The corn-fields produced abundant crops, and William rhapsodizes about the variety of food — ‘dishes roast, fried and boiled, fish of every size, coarse meat for the poor and delicate for the rich, such as venison and various kinds of birds’ — to be found every day in ‘a public cook-shop’ near the river. He speaks of scholars’ competitions, tournaments in boats on the river, and many other amusements.

But one suspects that William FitzStephen was the eternally self-satisfied Londoner, blind to any of his city’s imperfections. In reality Eleanor’s London was probably dismal enough when compared to contemporary Paris or Bordeaux, but it was her husband’s capital and she made the best of it. An abundance of imported goods must have done much to soften its discomforts. And many Londoners could make themselves understood in their peculiar Anglo-Norman dialect of French. (A modern comparison might perhaps be the difference between Australian and English.) It was a long time since Norman courtiers had sneeringly named Henry I and his English queen ‘Godric and Godgifu’ because of their partiality for Saxons. The two peoples had intermarried so that nowadays language was a matter of status rather than race. Every upper- and middle-class Englishman spoke French, which was the language of commerce as well as of the court and the castle.

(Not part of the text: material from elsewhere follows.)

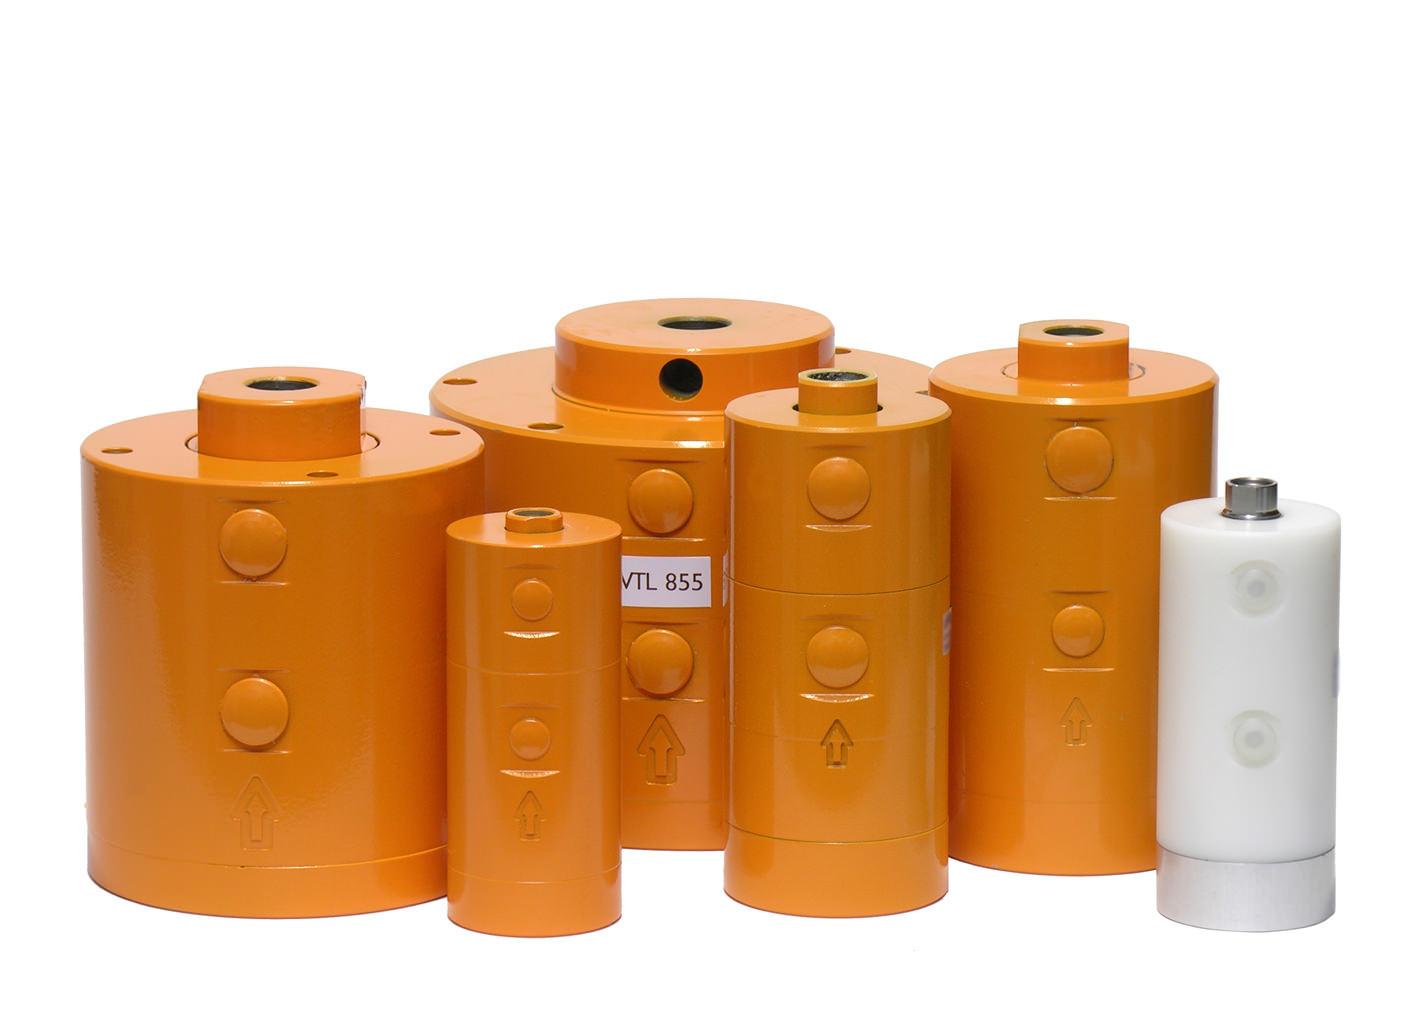 Druckluft-Äußerekolbenvibratoren VTL

King Henry had little time to ponder on the differences between the ways of life in his widespread domains. The ‘nineteen years-long winter’ of his predecessor’s reign had left much of England in miserable disorder. The monks of Peterborough (who had stubbornly continued to keep their chronicle in Anglo-Saxon) give an appalling picture of conditions in the fenlands, terrorized by robber barons in impregnable castles.